Show each line of the records below where the word "answer" occurs.

-- Data under study follows --

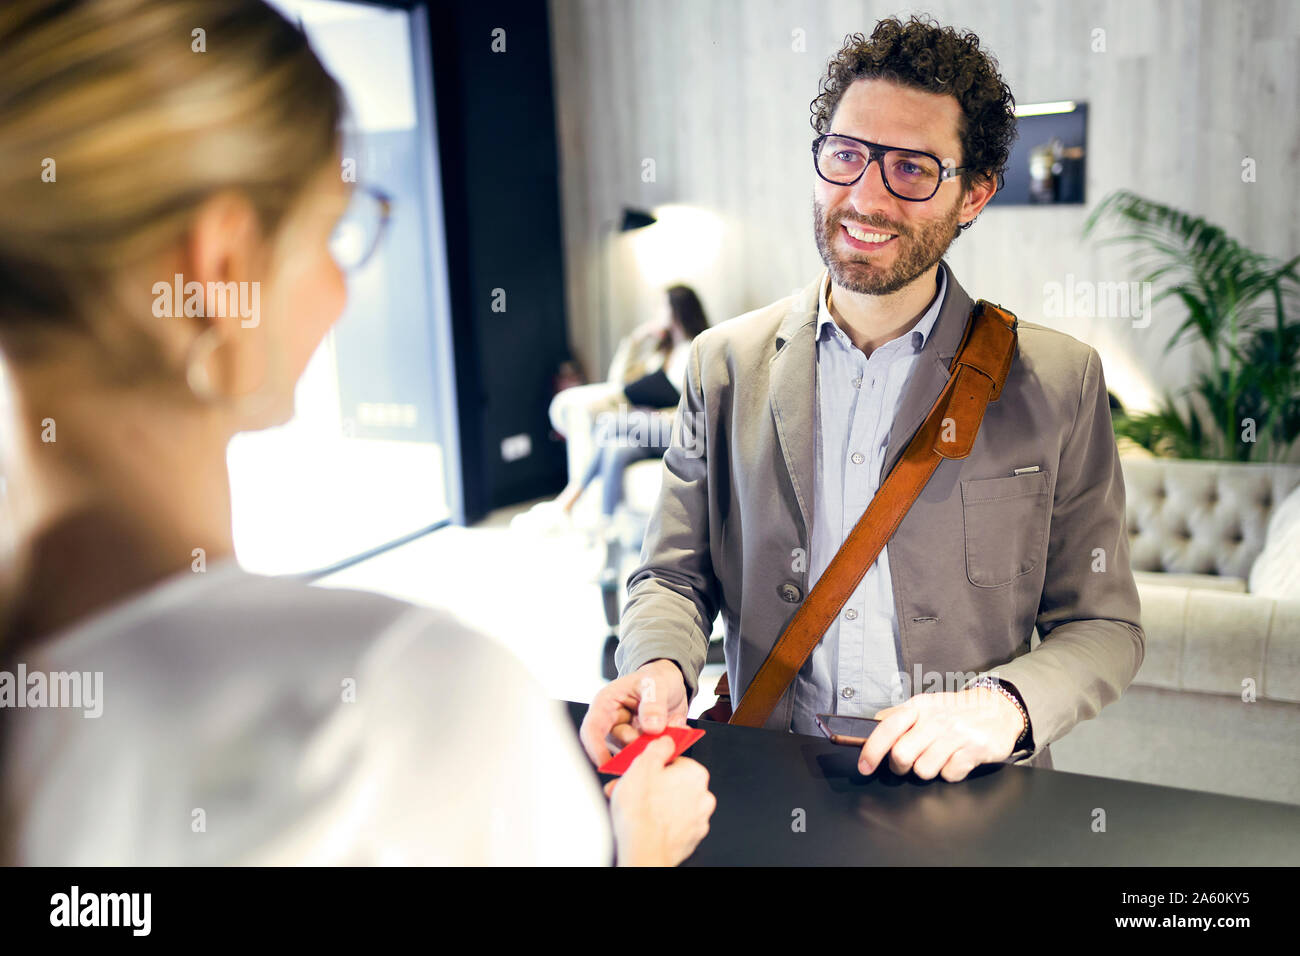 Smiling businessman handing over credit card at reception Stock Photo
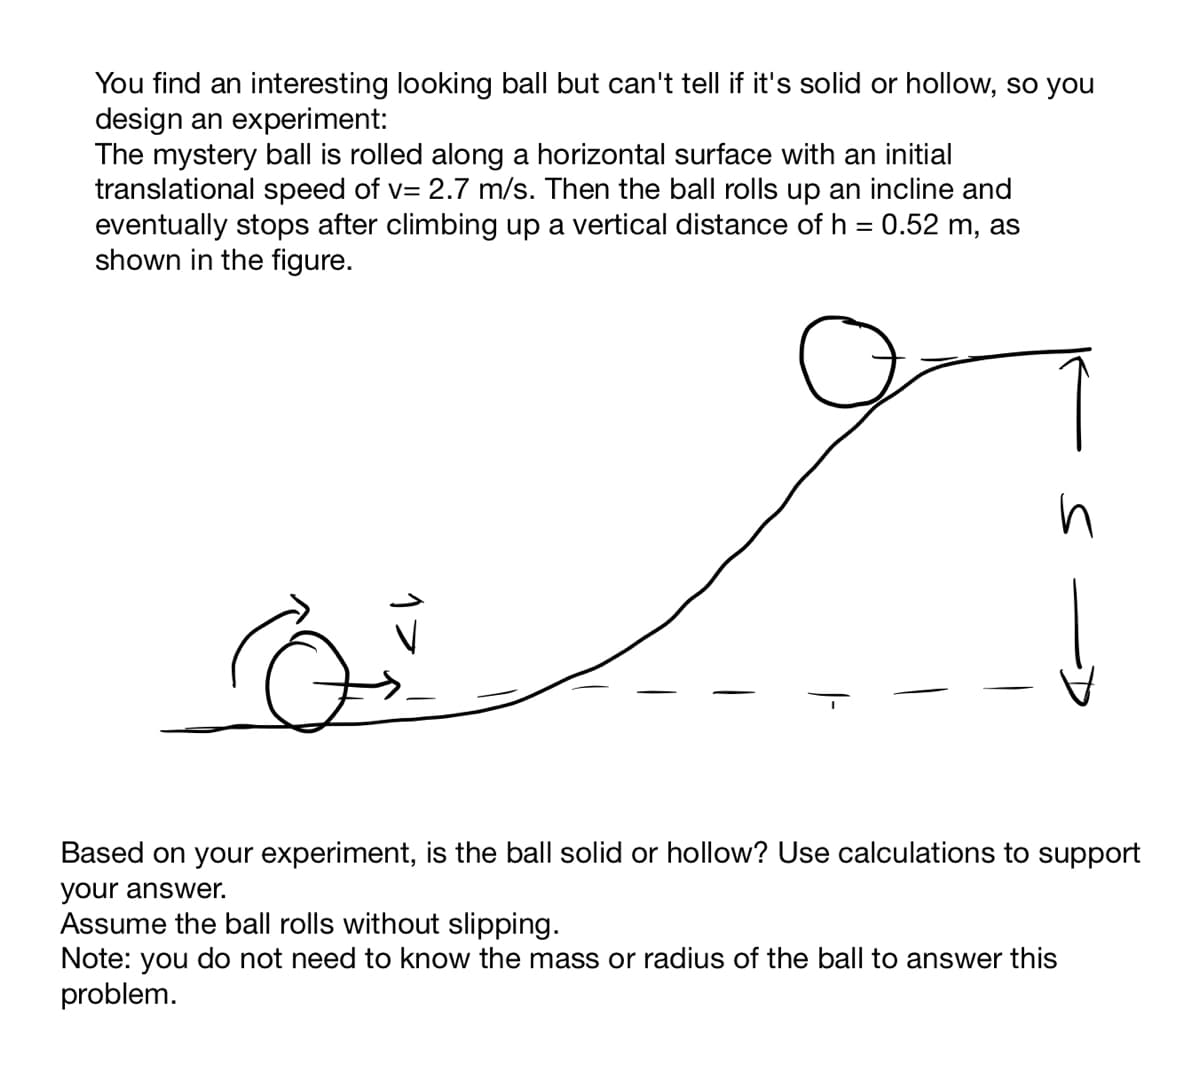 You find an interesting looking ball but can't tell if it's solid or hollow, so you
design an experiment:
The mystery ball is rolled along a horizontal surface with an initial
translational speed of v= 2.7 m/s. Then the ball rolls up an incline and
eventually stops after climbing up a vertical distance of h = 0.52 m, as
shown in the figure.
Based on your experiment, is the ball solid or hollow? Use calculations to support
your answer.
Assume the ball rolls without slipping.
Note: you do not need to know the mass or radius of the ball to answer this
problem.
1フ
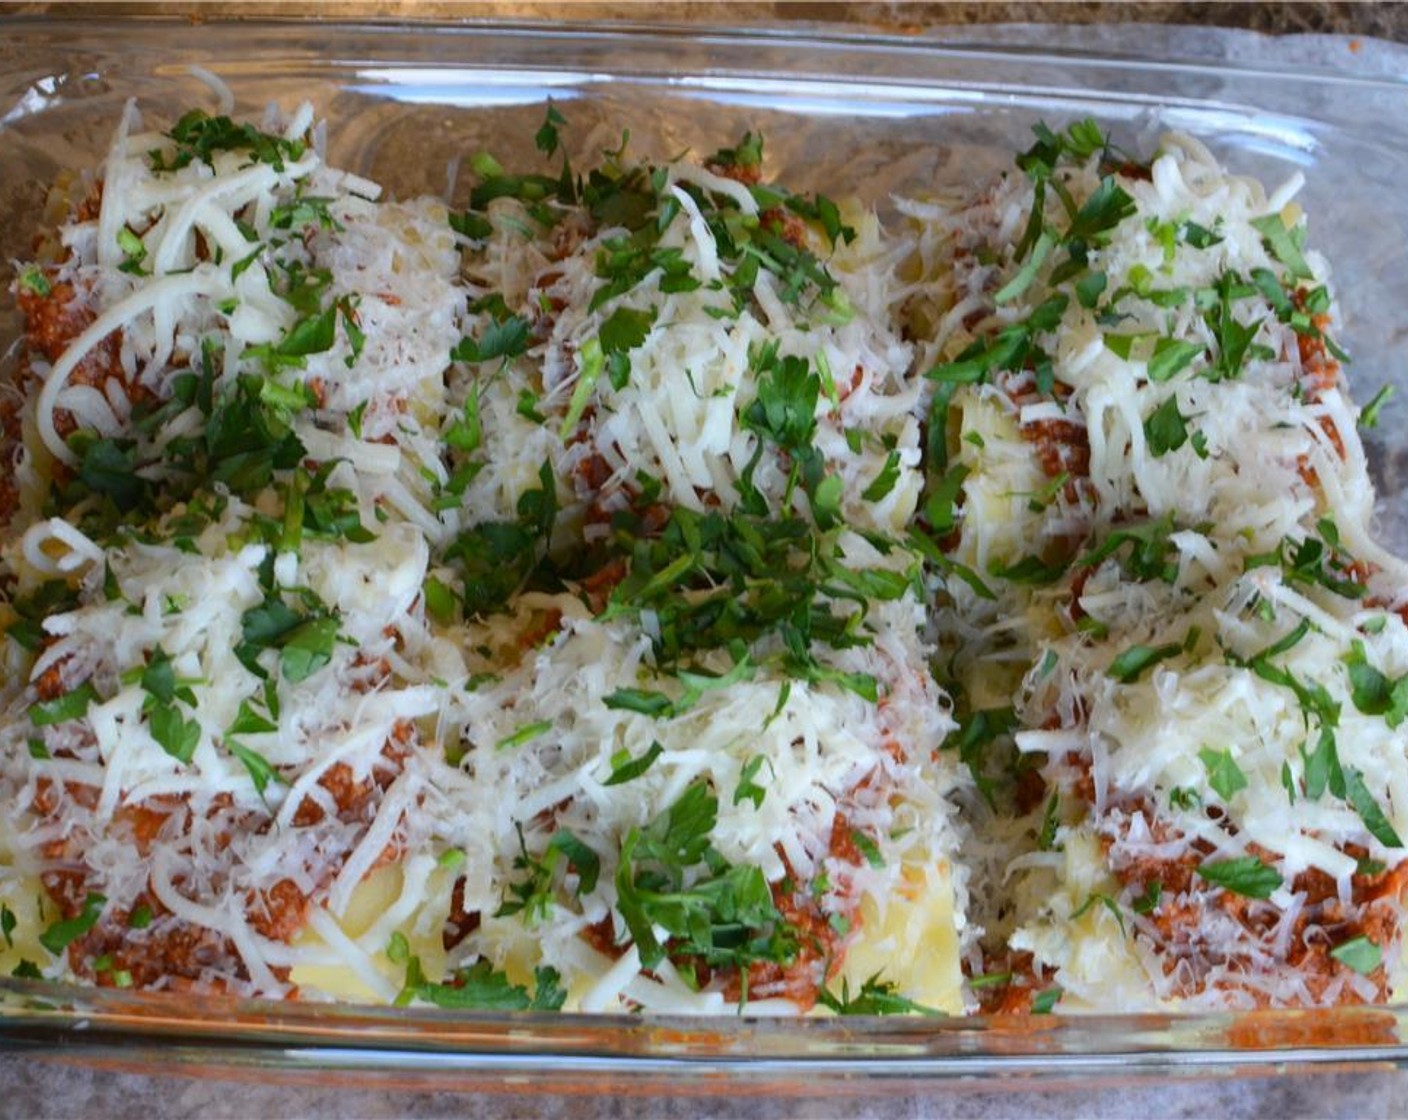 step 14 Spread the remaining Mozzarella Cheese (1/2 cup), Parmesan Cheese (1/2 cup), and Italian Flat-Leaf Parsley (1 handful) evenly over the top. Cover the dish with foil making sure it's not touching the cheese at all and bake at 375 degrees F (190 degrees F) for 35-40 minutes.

-- Data under study concluded --

● Problem solution:
your answer.
Note: you do not need to know the mass or radius of the ball to answer this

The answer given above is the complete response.